When Mom decided to take on a second project that interested her, Dad put his foot down. It would require that she work even more hours and most of the weekend. They fought over it and looking back, I think Dad worried that she was having an affair. This last part turned out to be way off, but he was right in that it meant that she would basically never see her family.
Mom called his bluff and took on the second project. It turned out that Dad wasn't bluffing. They had one final big fight, and Mom moved out and got an apartment. She had agreed to weekend visits "when she could," but we didn't see her at all for the first month. Dad was sad, but he kept up the house. I started doing more chores, thinking that maybe if I was a better child, Mom would come home.

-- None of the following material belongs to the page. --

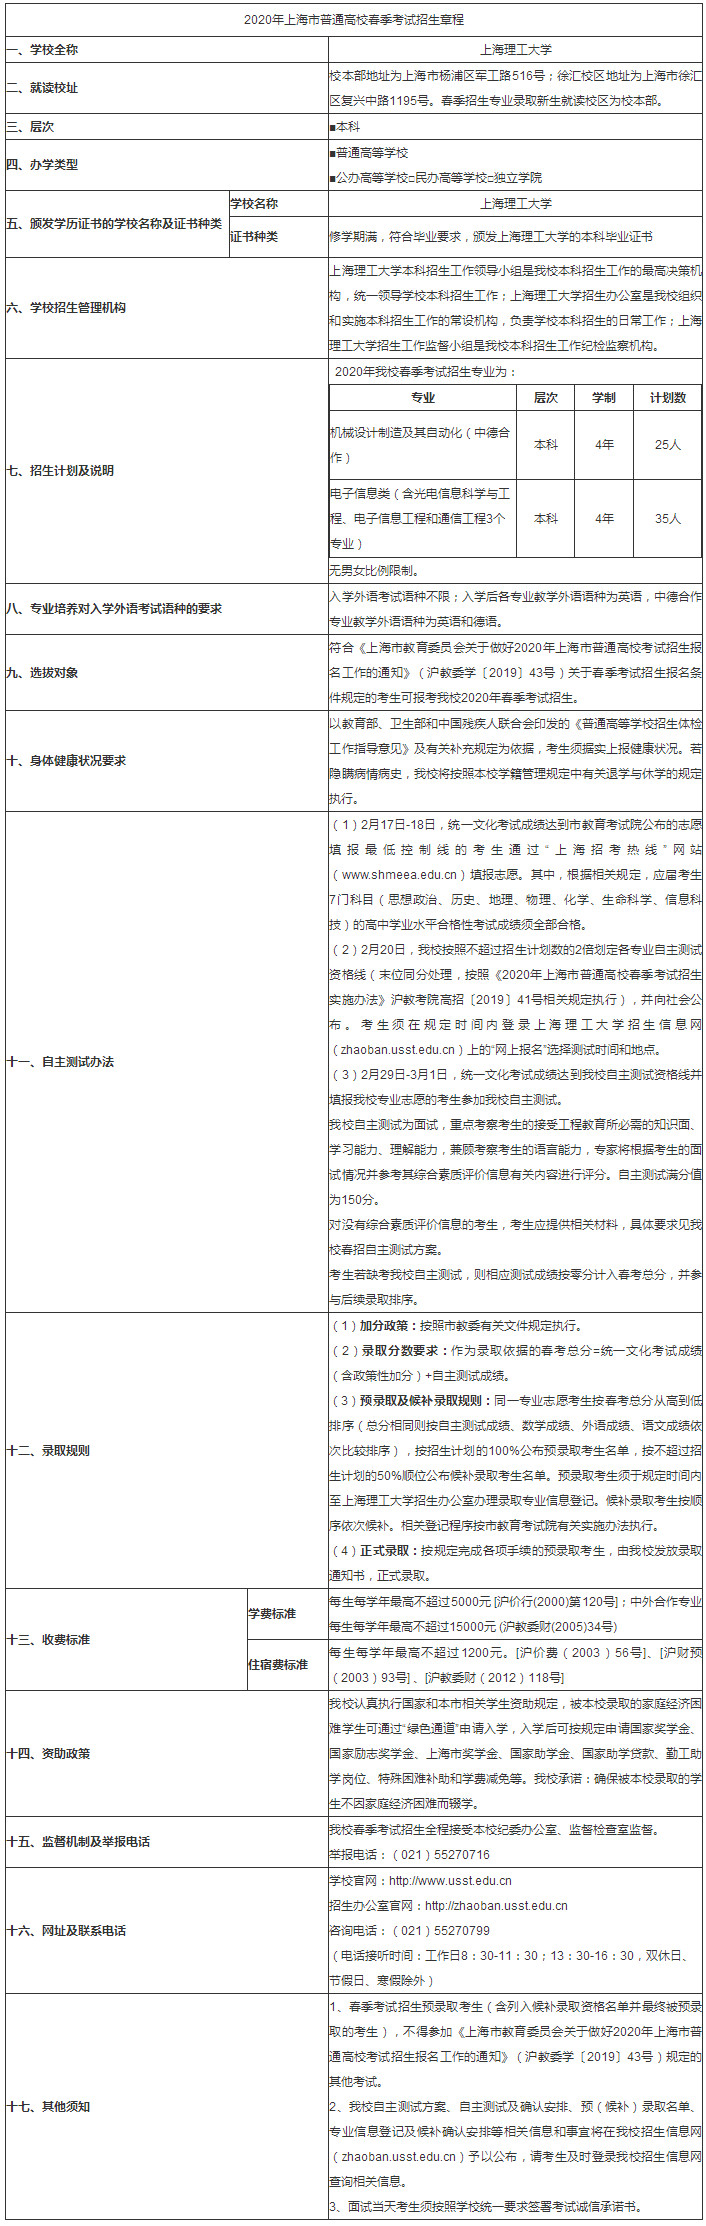 上海理工大学2020年春季高考招生章程.jpg

It was all scary to me as an eight-year-old, but for Athena, it was like her world was ending. She stuck to me like glue, and I didn't dissuade her. When she was with me, she was less fragile and at least a little distracted. I helped her with what homework she had and listened to her explain the new dances that she'd 'korygrafed' on sheets of construction paper in bold crayon. I didn't ever want her to think that she'd be alone, or that Mom and Dad didn't love her. That was when it really clicked between us, I think, and I don't mean anything weird by that. Just that we became very in tune with each other's emotions and thoughts. In the future, we'd spend time apart, but the idea of not being in each other's lives was unthinkable.
Looking back, we've really been best friends since then.

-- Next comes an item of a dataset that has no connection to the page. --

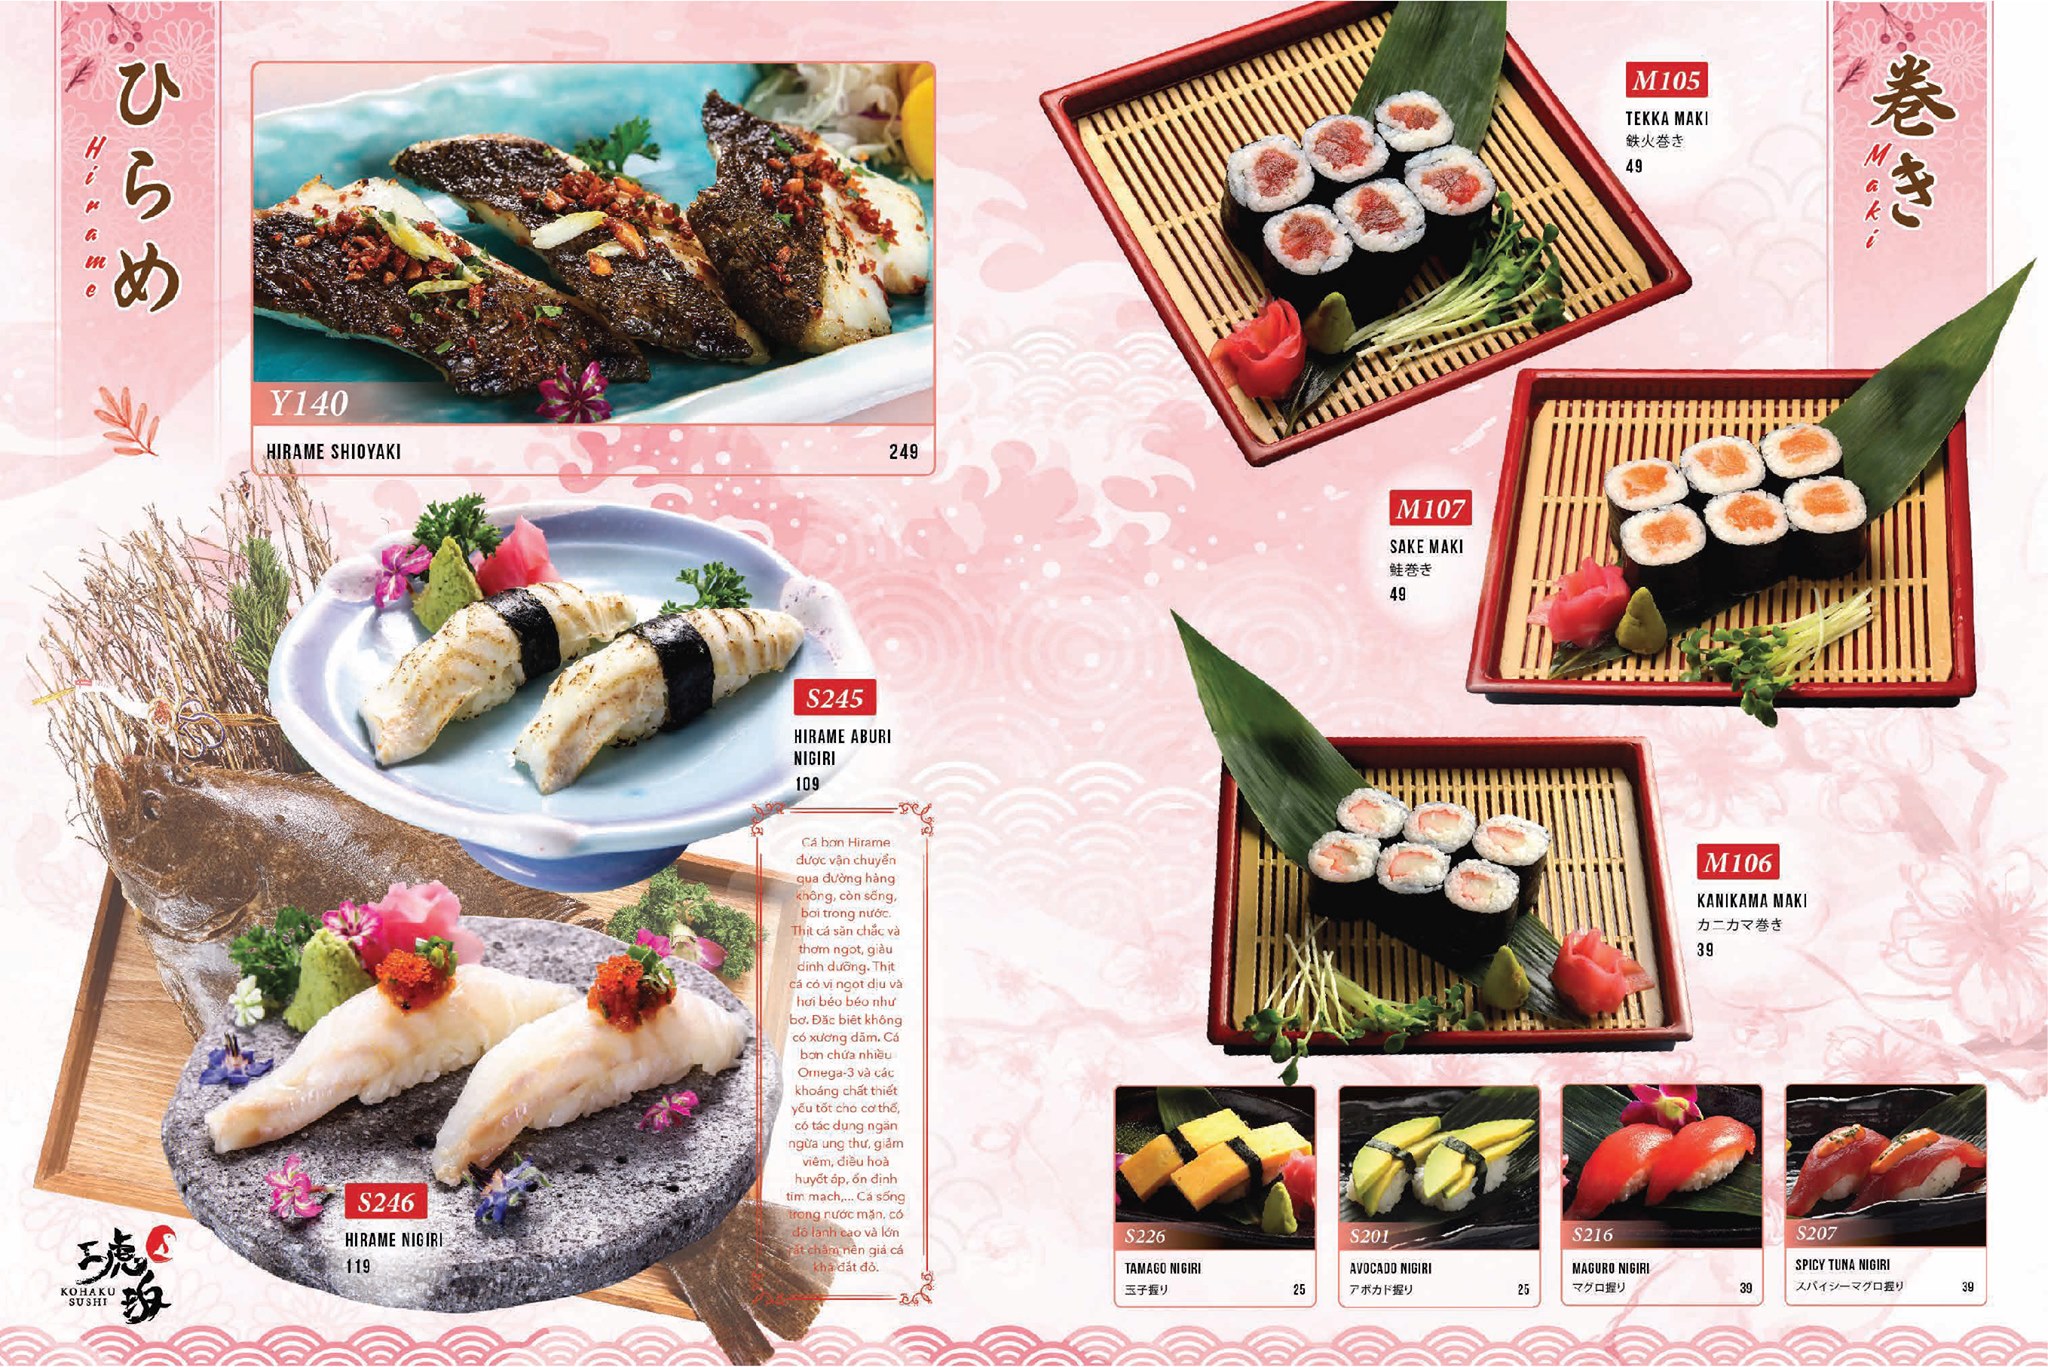 set sushi được trình bày đẹp mắt

Fortunately for everyone, the separation didn't last all that long. Finally, Mom picked us up on a Friday night to spend the weekend with us. She and Dad were polite to each other. Affectionate even. Mom was tired, but she spent all of her time with us, and for the first time in my memory, I didn't see her get out her laptop or "make a quick stop at work." When we came back to our house on Sunday, they talked for a long time, out on the porch swing.

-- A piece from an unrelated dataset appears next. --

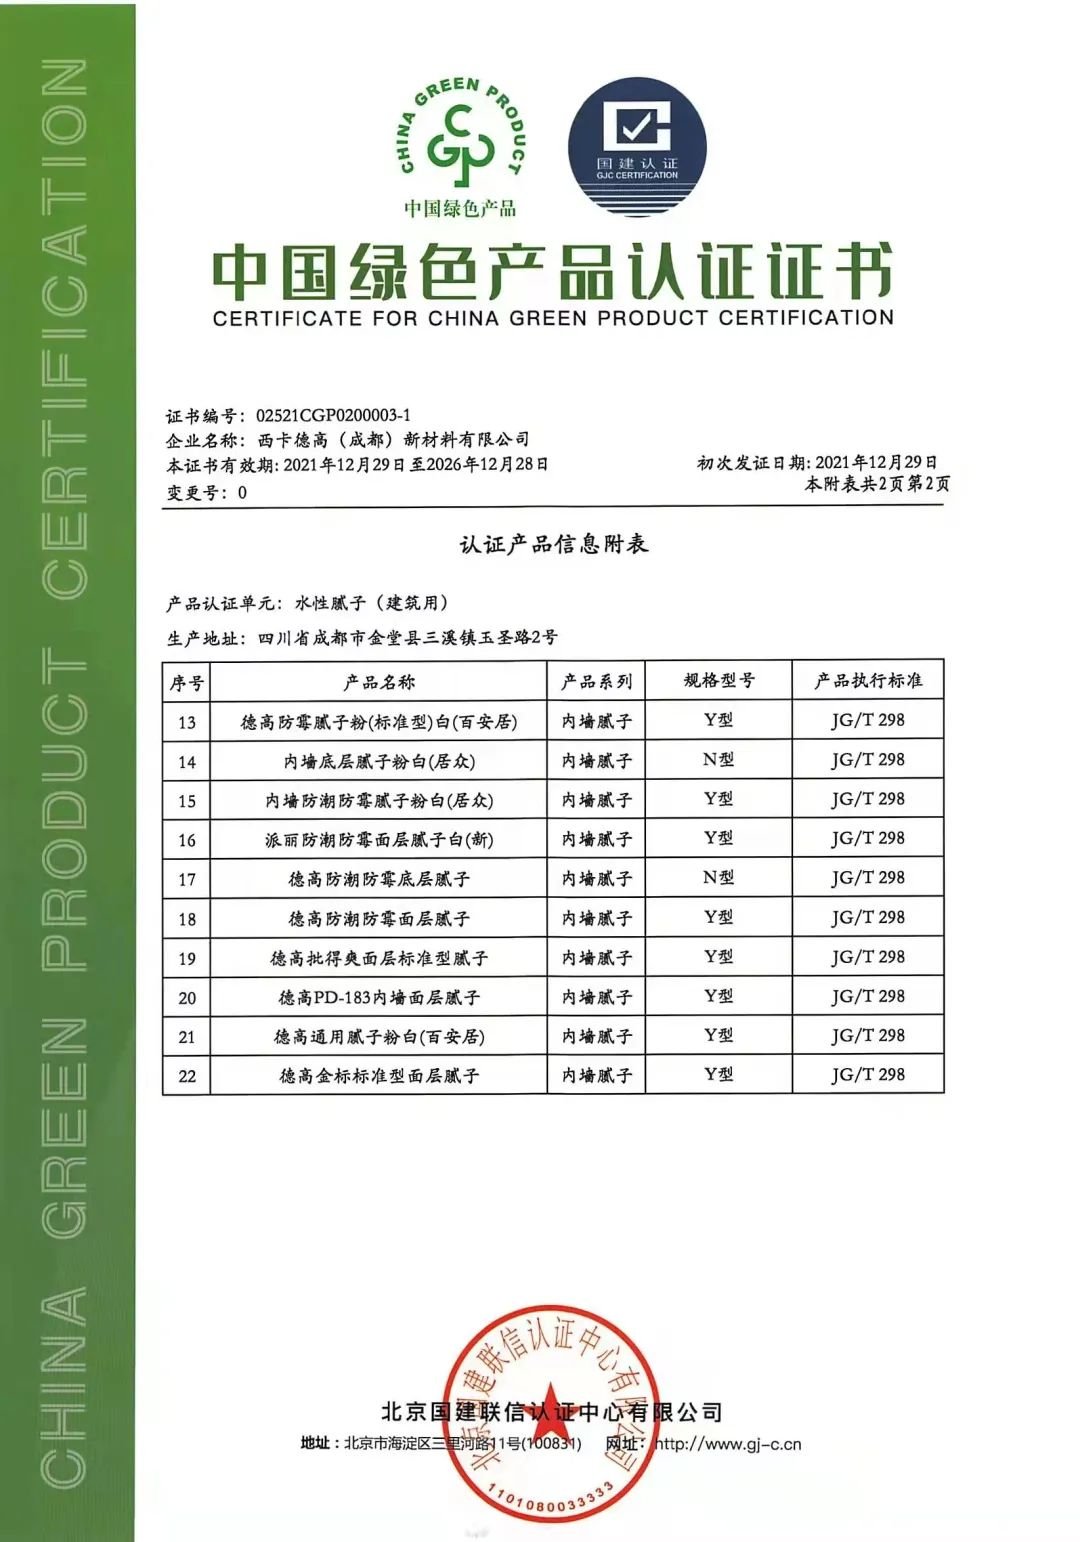 喜讯西卡德高旗下第一批工厂荣获中国绿色产品证书

It was a cold fall night and trying to be the peacemaker, I made them cocoa (instant of course), and Athena and I brought it out to them. We caught them making out like teenagers, and while it grossed me out a little, it also made me very happy. Mom moved in again within the month, and she dropped the second project and reprioritized her life, becoming a partner again to Dad and a parent to us, much more available at night and on the weekends. For his part, Dad accepted that some extra hours would always be a part of Mom's job, and sometimes we'd all drive up to her office and have dinner there together before we left her there to finish her day.
I guess what I'm saying is, we've had our share of problems, and we've overcome them together too, and grown closer for it. We seemed dysfunctional at times, but we weren't. In fact, the more we shared and supported each other, the more smoothly all of our lives went.
We were charmed, really. It had to end sometime.